Люся, Люся, удавлюся! Не люблю её. Хитрая и худая.
Из старых знакомых у Глеба есть портной, который несколько лет шьёт ему костюмы по одним по выверенным меркам и лекалам – Глеб уверен, что в них выглядит достойно.
– Девять лет. Девять лет! А как теперь? – вдруг проговорил Глеб.
– Терпение, мой друг, терпение, – ответил бы я. Как и девять лет назад, мне было понятно, что я единственный, кто мог помочь Глебу, и кого он не раздражал, потому что был готов к проблемам, свалившимся на него, больше чем он сам, не говоря уже об окружающих.
Но тут в дверь позвонили.
– Ну, кто там ещё? – подумал я. Видимо и Глеб так подумал, потому что нехотя и медленно встал, крутанул защёлку, открыл дверь, но забыл включить свет.
– Глеб, у Вас всё хорошо? – раздался, после некоторой паузы, встревоженный голос Вики.
– Прямо, отлично! – сказал бы я.
– Да, наверное…. Как Женя? – туманно ответил Глеб.
– Просто, у Вас темно, поэтому я и….
– А…, извините, – Глеб безжизненно щёлкнул выключателем, который находился рядом с дверью. – Мне всё равно.
Вика нервно улыбнулась, желая скрыть неловкость.
– Женя пришёл в себя, всё более ли менее нормально….
– Слава Богу, – спокойно обрадовался Глеб.
– Да, кому-то повезло больше, – позавидовал я.

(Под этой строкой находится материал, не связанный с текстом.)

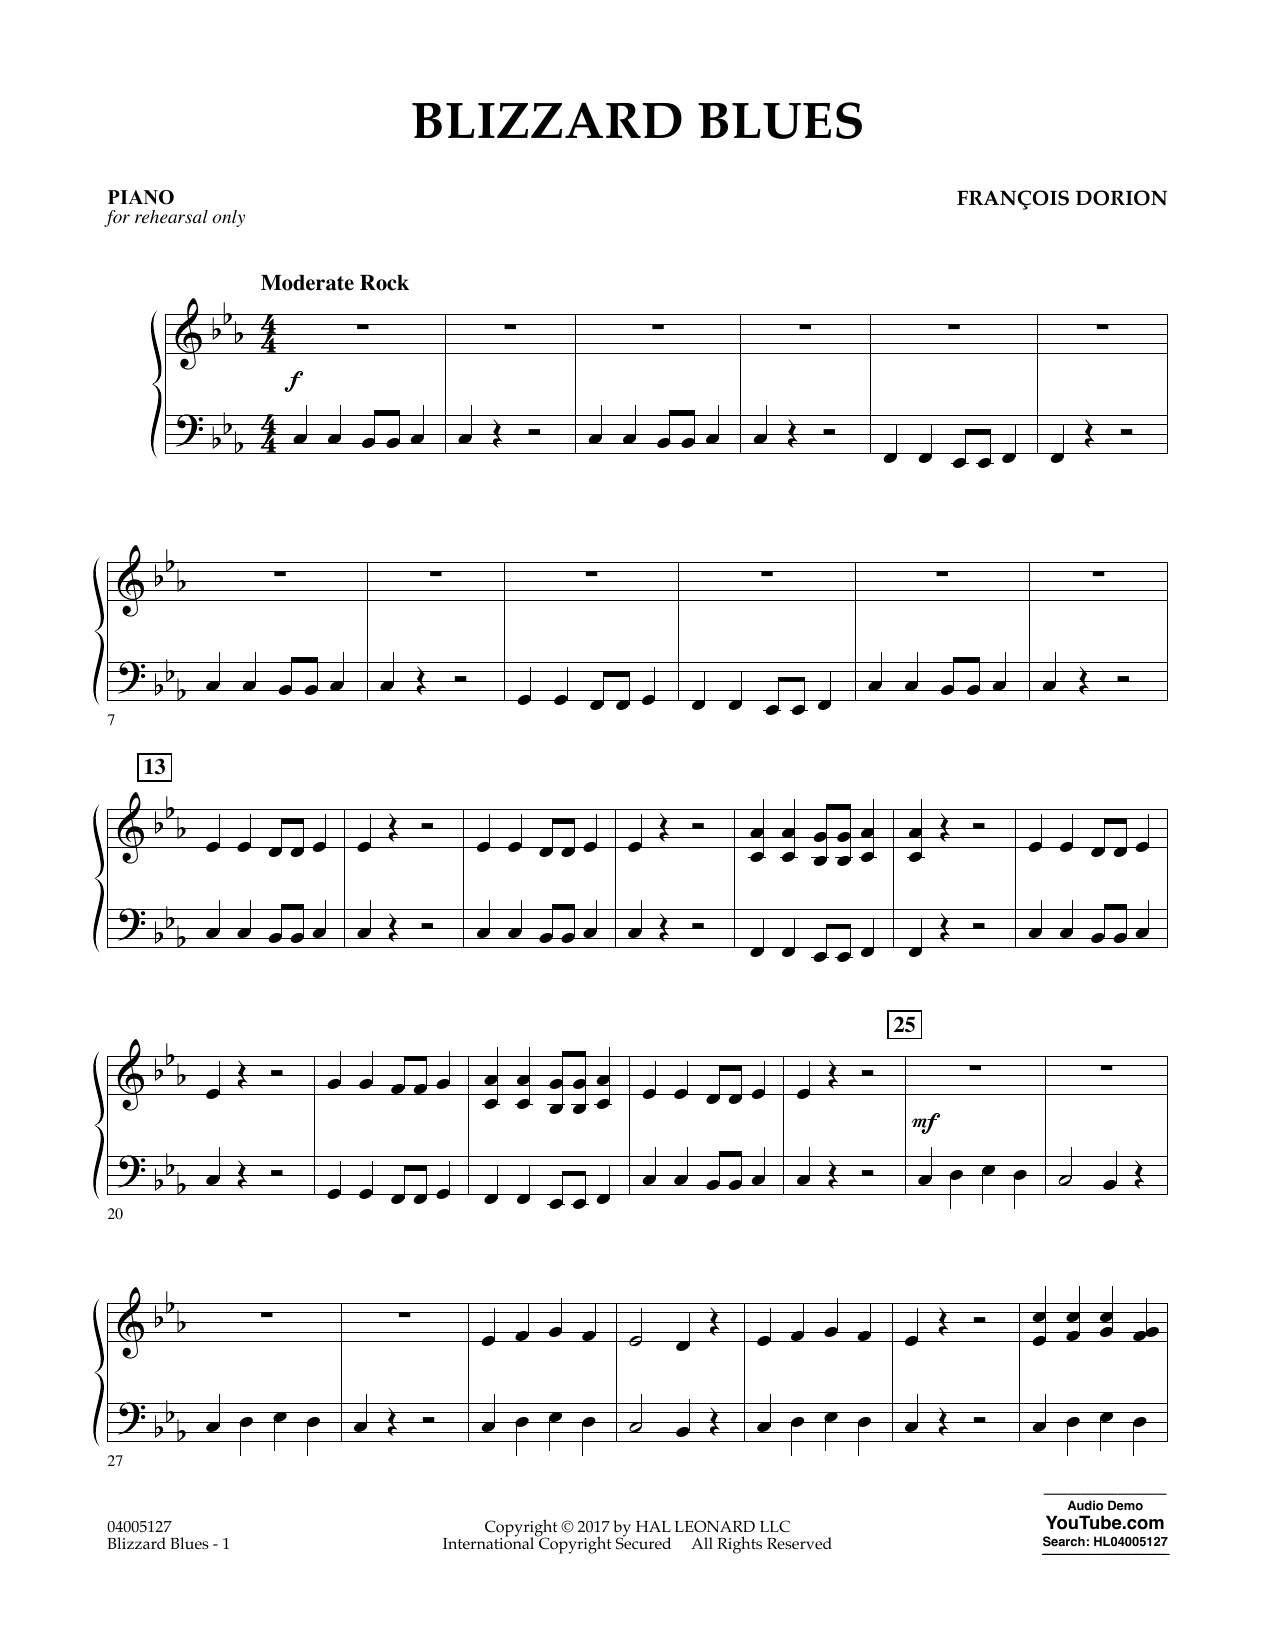 Blizzard Blues - Piano Sheet Music

– Но у него сотрясение мозга, закрытый перелом правой руки, трещины в двух рёбрах, и ушибы, порезы….
– Бедняга…!
– Правда, врачи уверяют, что состояние стабильное и скоро всё нормализуется.
– Конечно, он же боец.
Вика радостно улыбнулась, и, помолчав немного, начала грустно и нерешительно.
– Женя спрашивал про Буса. Я сказала, что он в клинике, – и вопросительно посмотрела на Глеба.
– Правильно, так лучше.
– А…? – она замолчала, неуверенно помотав головой.

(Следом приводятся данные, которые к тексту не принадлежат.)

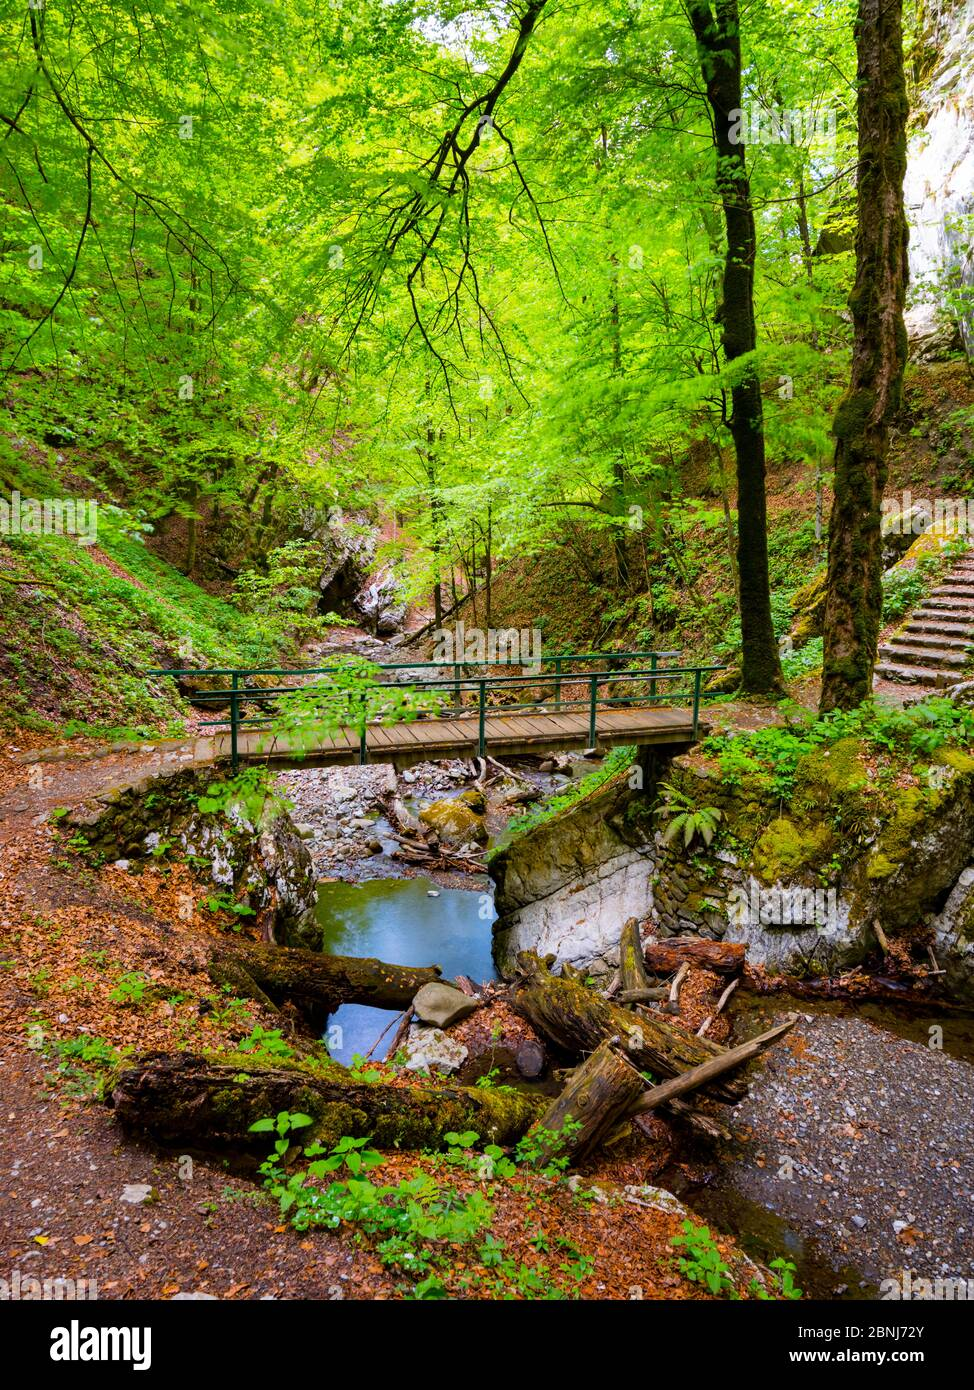 Zeleni vir near Skrad in Croatia Europe Green forest nature natural beauty footpath footbridge wooden bridge stunning Spring Green nature color Stock Photo

– Скажи ей, Глеб. Пусть порадуется.
– Мы похоронили его сегодня.
Вика ужаснулась, прикрыв рот рукой.
– Как жаль…, Господи….
Глеб молчал.
– Мне безумно жаль. Глеб, это ужасно.
– Да…, – он закивал в знак благодарности за сочувствие.
– Хотела сказать, безумно рада? Теперь никто не помешает протаптывать тропу к Глебу. Засобиралась, иди-иди, – съязвил я, жаль, что меня никто не слышал.

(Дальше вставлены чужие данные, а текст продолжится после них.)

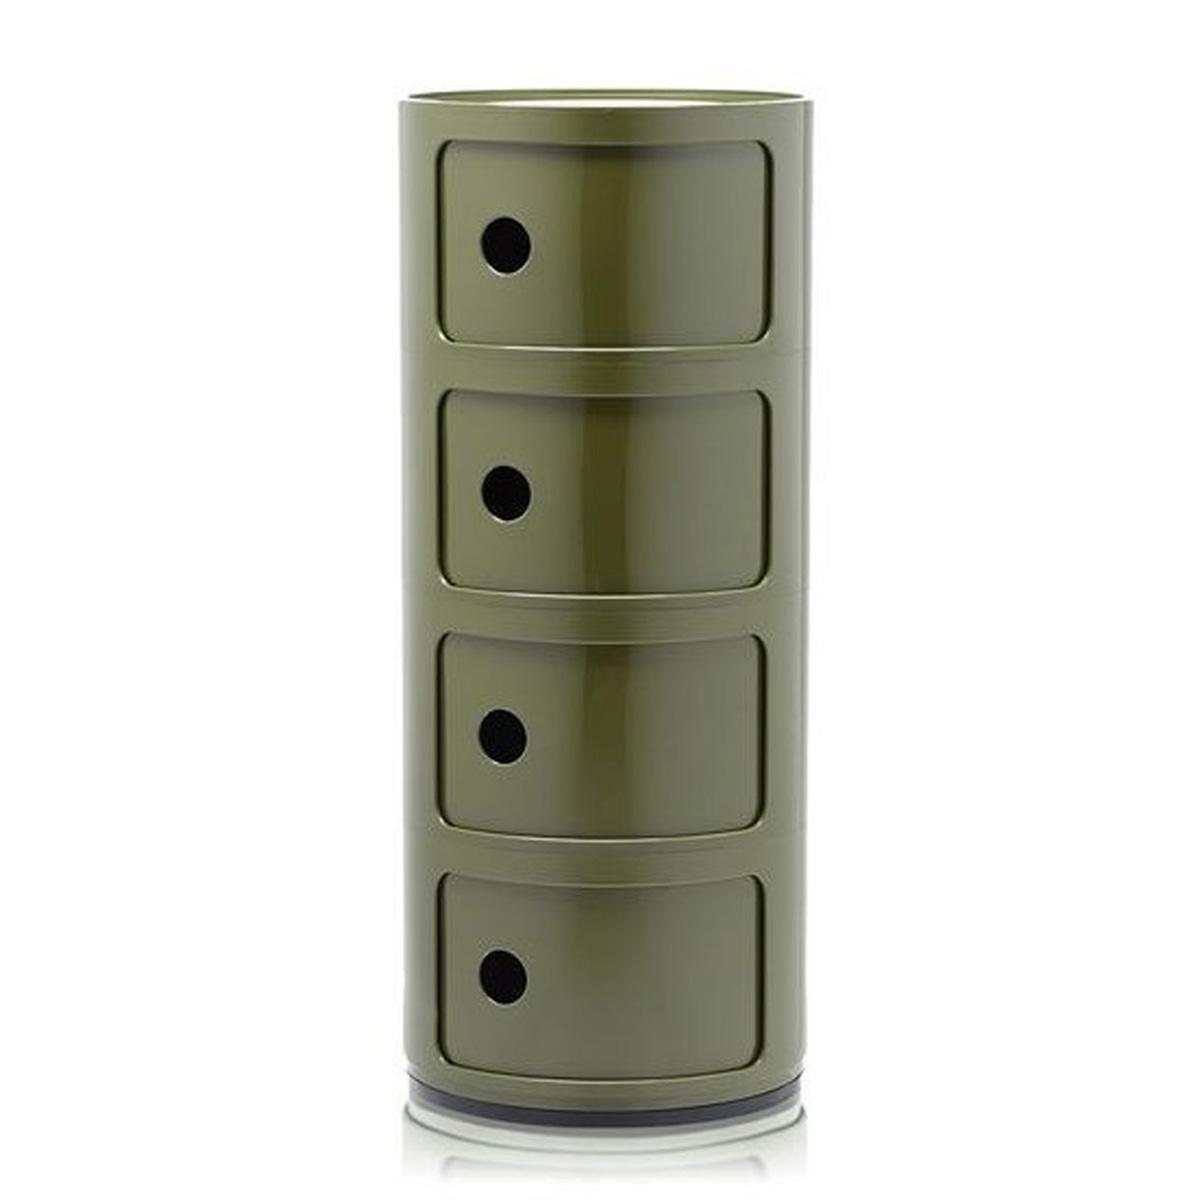 Polica Componibili/4 zelena 4985/18

– Женьке привет. Мы обязательно…, я… я его навещу, когда будет можно.
– Конечно, он будет счастлив! – сверкнули заячьи зубы.
И она радостная поспешила вниз, а Глеб, постоял немного и медленно, закрыв дверь, непонятно зачем, опять выключил свет и сел на пуфик.
Он просидел ещё минут десять, тяжело вздыхая, и зовя меня, не зная, что всё это время я стоял рядом.
Не вставая, Глеб щёлкнул выключателем, и, открыв глаза, чётко и ясно увидел перед собой меня. Это кажется невозможным, но это так.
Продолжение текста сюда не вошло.